Reputation: 1141
In lex & yacc there is a macro called YY_INPUT which can be redefined, for example in a such way
#define YY_INPUT(buf,result,maxlen) do { \
const int n = gzread(gz_yyin, buf, maxlen); \
if (n < 0) { \
int errNumber = 0; \
reportError( gzerror(gz_yyin, &errNumber)); } \
\
result = n > 0 ? n : YY_NULL; \
} while (0)
I have some grammar rule which called YYACCEPT macro. If after YYACCEPT I called gztell (or ftell), then I got a wrong number, because parser already read some unnecessary data.
So how I can get current position if I have some rule which called YYACCEPT in it(one bad solution will be to read character by character)
(I have already done something like this:
#define YY_USER_ACTION do { \
current_position += yyleng; \
} while (0)
but seems its not work )
Upvotes: 2
Views: 5358
Reputation: 241861
You have to keep track of the offset yourself. A simple but annoying solution is to put:
offset += yyleng;
in every flex action. Fortunately, you can do this implicitly by defining the YY_USER_ACTION
macro, which is executed just before the token action.

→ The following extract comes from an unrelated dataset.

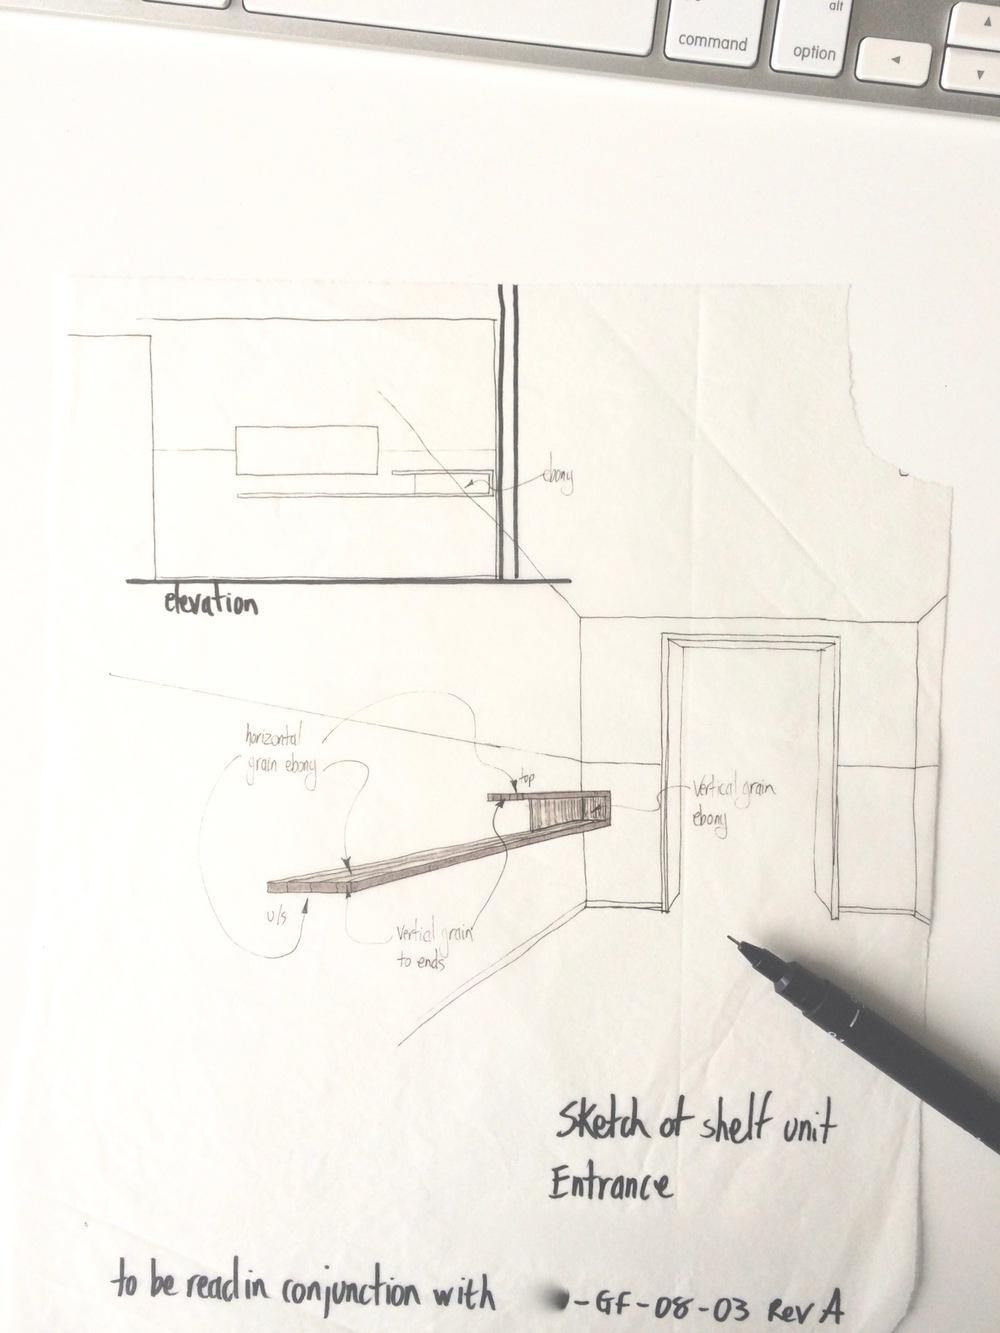 aine-sketch-design-8-weeks-entrance-shelf.jpg

That might still not be right for your grammar, because bison
often reads one token ahead. So you'll also need to attach the value of offset
to each lexical token, most conveniently using the location facility (yylloc
).
Edit: added more details on location tracking.
The following has not been tested. You should read the sections in both the flex
and the bison
manual about location tracking.
The yylloc
global variable and its default type are included in the generated bison code if you use the --locations
command line option or the %locations
directive, or if you simply refer to a location value in some rule, using the @
syntax, which is analogous to the $
syntax (that is, @n
is the location value of the right-hand-side object whose semantic value is $n
). Unfortunately, the default type for yylloc
uses int
s, which are not wide enough to hold a file offset, although you might not be planning on parsing files for which this matters. In any event, it's easy enough to change; you merely have to #define
the YYLTYPE
macro at the top of your bison
file. The default YYLTYPE
is:
typedef struct YYLTYPE
{
int first_line;
int first_column;
int last_line;
int last_column;
} YYLTYPE;
For a minimum modification, I'd suggest keeping the names unchanged; otherwise you'll also need to fix the YYLLOC_DEFAULT
macro in your bison
file. The default YYLLOC_DEFAULT
ensures that non-terminals get a location value whose first_line
and first_column
members come from the first element in the non-terminal's RHS, and whose last_line
and last_column
members come from the last element. Since it is a macro, it will work with any assignable type for the various members, so it will be sufficient to change the column
members to long
, size_t
or offset_t
, as you feel appropriate:
#define YYLTYPE yyltype;
typedef struct yyltype {
int first_line;
offset_t first_column;
int last_line;
offset_t last_column;
} yyltype;
Then in your flex
input, you could define the YY_USER_ACTION
macro:
offset_t offset;
extern YYLTYPE yylloc;
#define YY_USER_ACTION \
offset += yyleng; \
yylloc.last_line = yylineno; \
yylloc.last_column = offset;
With all that done and appropriate initialization, you should be able to use the appropriate @n.last_column
in the ACCEPT
rule to extract the offset of the end of the last token in the accepted input.
Upvotes: 7